Discussion

Mercredi 2 avril – 18h – au Tanneries, 17 boulevard de Chicago

À partir d’extrait de Nihilisme et politique de Léo Strauss, et de À la fête de la révolution de Claudia Salaris, nous reviendront ensemble sur certains courants artistiques et politiques qui, avant de sombrer dans les méandres du fascisme, exprimèrent et expérimentèrent un rejet de la civilisation moderne qui ne nous est pas étranger aujourd’hui. Percevoir les ambivalences pour savoir trancher.

Nous mettrons ici en ligne les extraits que nous lirons ensemble ce jour-là, afin que ceux et celles qui le souhaitent puissent les lire ou les travailler en préparation de cette discussion.

Nihilisme et politique, Léo Strauss

9782743612375

Leo Strauss se penche sur la signification du nihilisme allemand, qu’il considère comme la base culturelle du national-socialisme. C’est la seule fois où il parle du nazisme, lui qui en a connu les premiers signes en tant qu’Allemand et en tant que juif. Son analyse est simple et lumineuse. Il démontre que loin d’être un phénomène lié à la folie d’un chef capable de sidérer un peuple entier, le nazisme est enraciné dans l’histoire de l’Allemagne moderne et dans l’histoire de la modernité. Sa critique s’inscrit dans la tradition philosophique classique et dans la tradition biblique, l’une et l’autre radicalement opposées au nihilisme contemporain. La crise de notre temps est tout entière là, avec les moyens donnés par la tradition de la surmonter.

Ce livre est composé de trois essais : Sur le nihilisme allemand (1941), La crise de notre temps (1962), et La crise de la philosophie politique (1962).

 

La fête de la révolution, de Claudia Salaris

002_210

En septembre 1919, le poète italien Gabriele D’Annunzio, à la tête d’une troupe de jeunes anciens combattants – les arditi -, s’empare, sur la côte adriatique, de la ville de Fiume afin de la rattacher à l’Italie. Pendant plus d’un an, Fiume va devenir une petite contre-société expérimentale, exprimant sa sympathie pour la jeune révolution soviétique et les peuples colonisés, nouant des contacts avec les milieux anarchistes mais inaugurant, simultanément, les formes d’expression du fascisme naissant – la chemise noire, le poignard au côté, le dialogue direct entre le tribun et la foule, la liturgie de masse.

L’aventure fiumaine est également attentive aux formes de rupture en matière de culture – avec Dada et aussi Marinetti et les futuristes – et de mœurs – elle autorise le divorce et accorde le droit de vote aux femmes, tolère l’homosexualité, l’usage des stupéfiants et le naturisme.
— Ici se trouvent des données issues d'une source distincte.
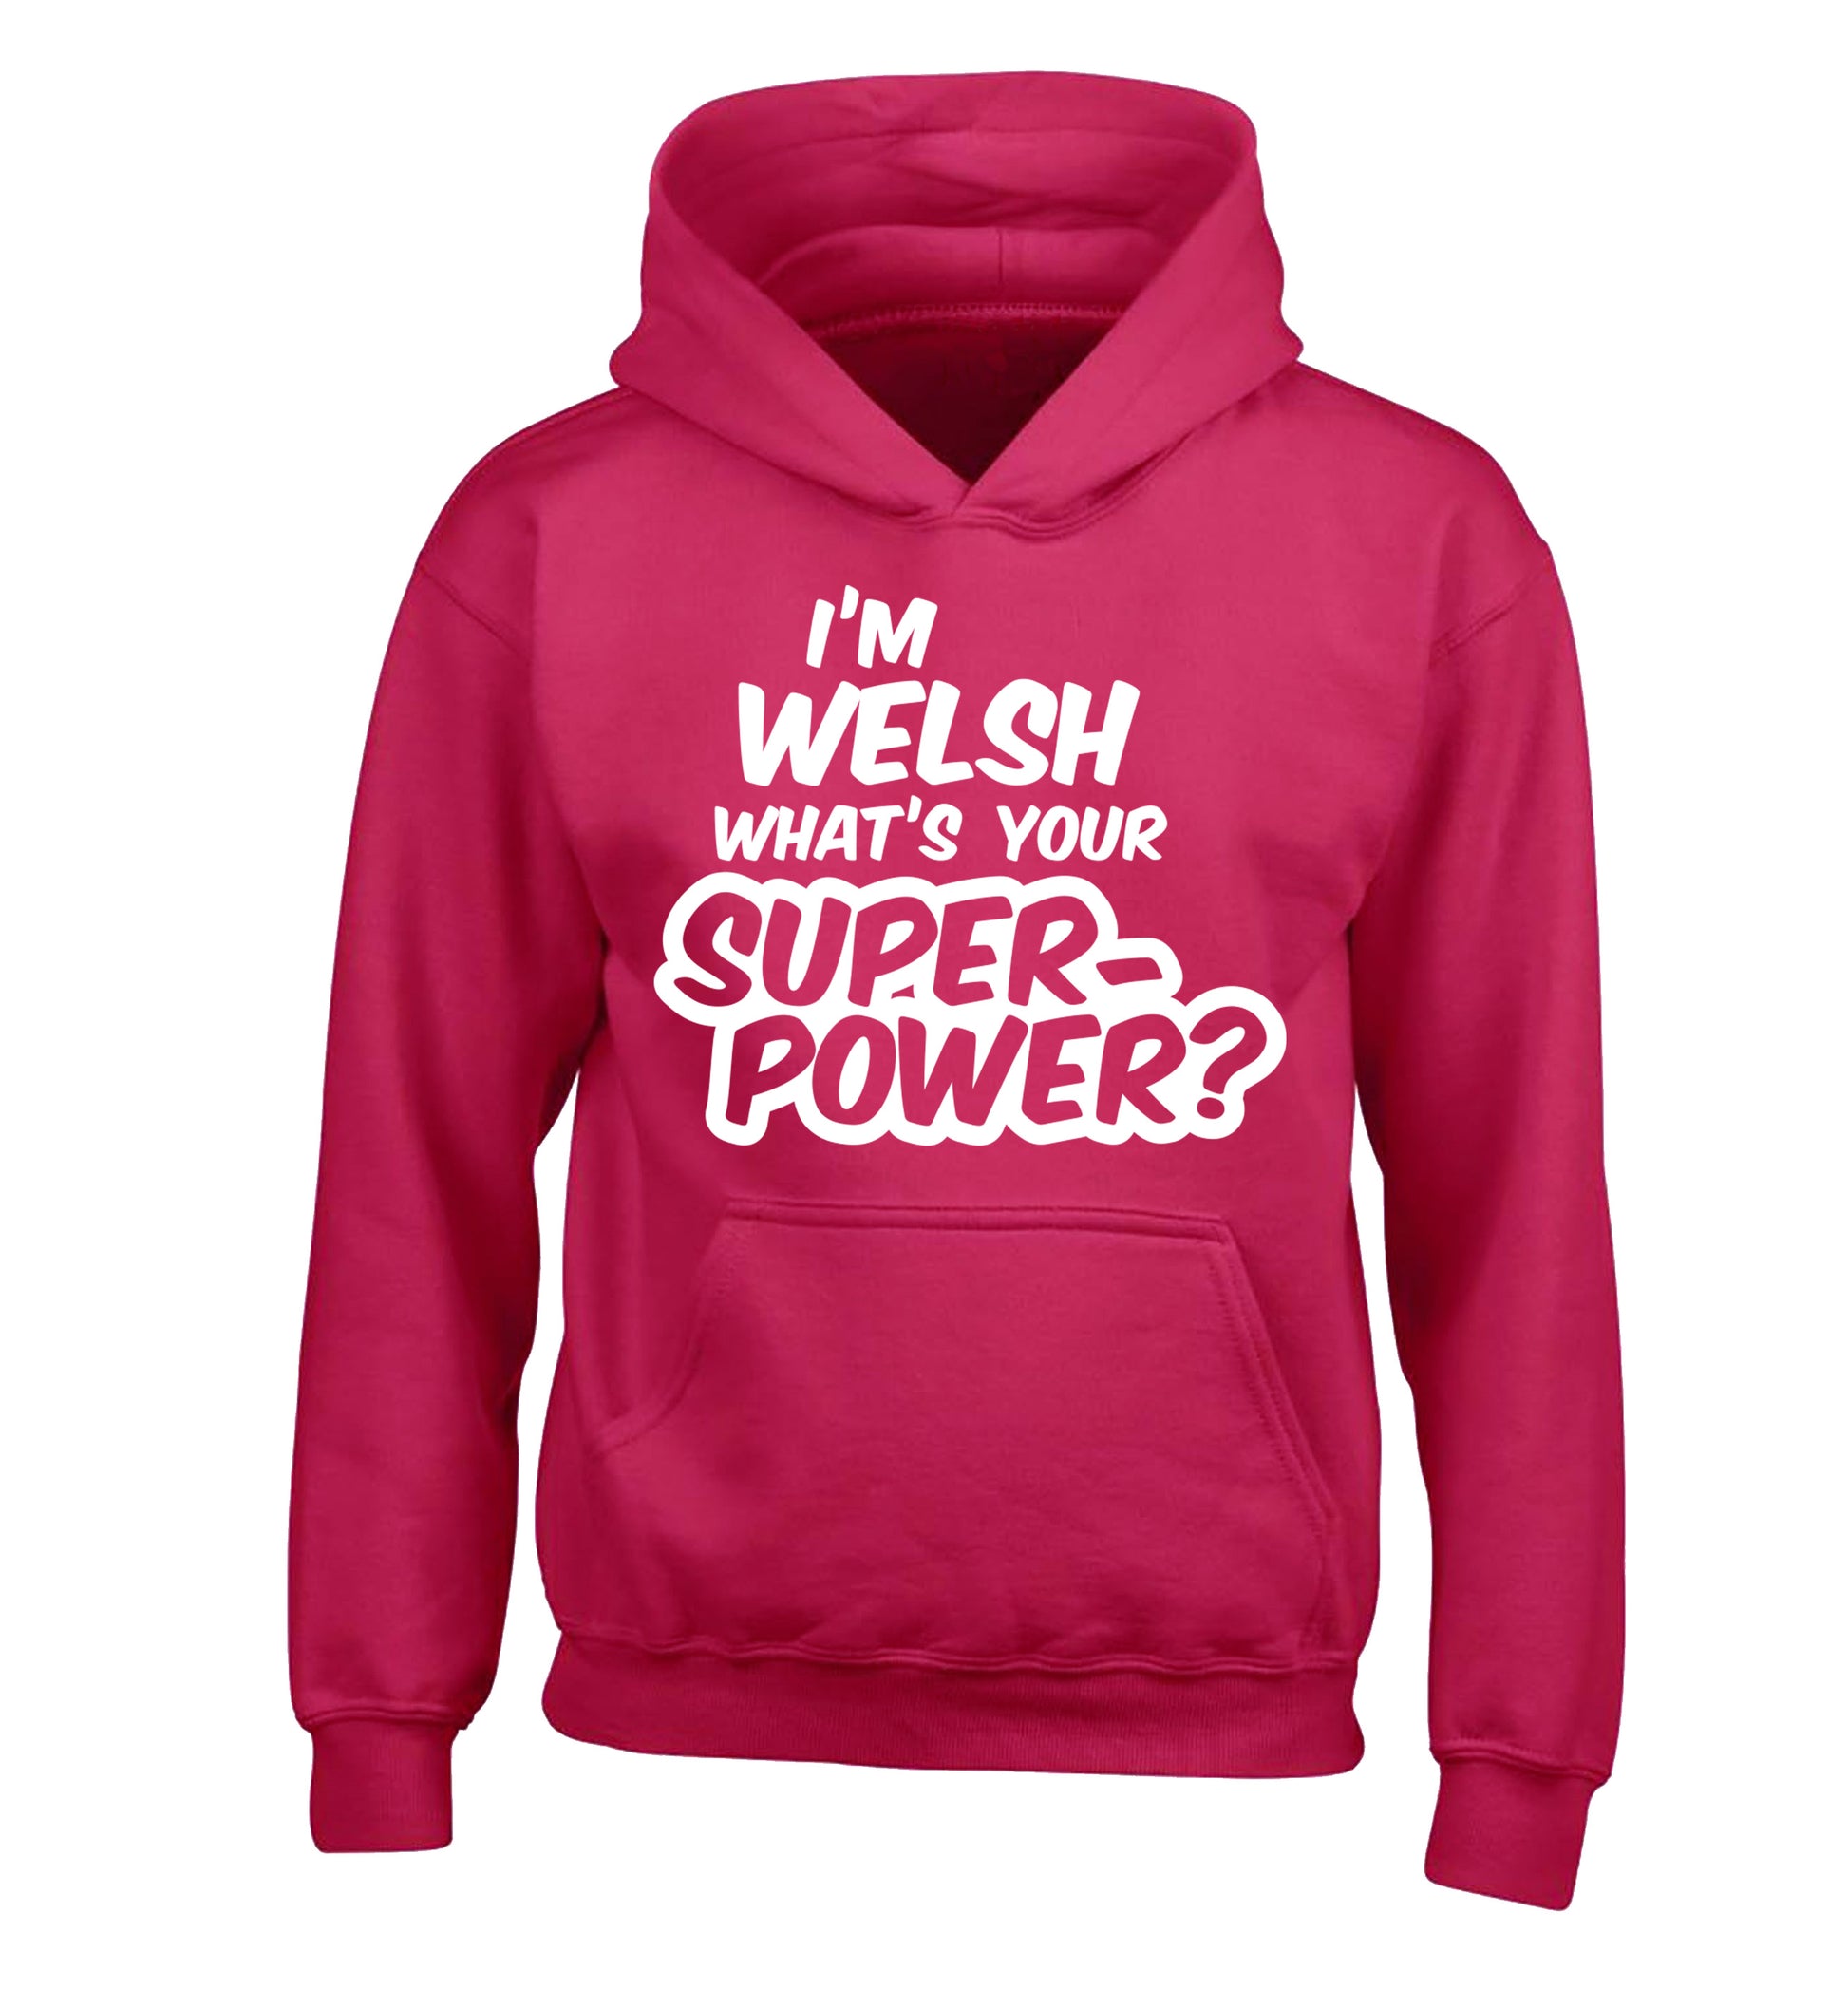 I'm Welsh what's your superpower? children's pink hoodie 12-13 Years

Enfin, elle expérimente une  » économie pirate « , centrée sur la primauté du don comme valeur fondamentale du lien social. En fait, cet  » ordre lyrique  » des  » artistes au pouvoir  » et leur usage politique de la dérision font plus penser à mai 1968 qu’à l’émergence des mouvements et régimes totalitaires. Et Claudia Salaris explore superbement, grâce à une multitude de documents politiques et littéraires, ce qui fut l’un des premiers chapitres de la  » culture de la révolte  » qui a caractérisé le XXe siècle.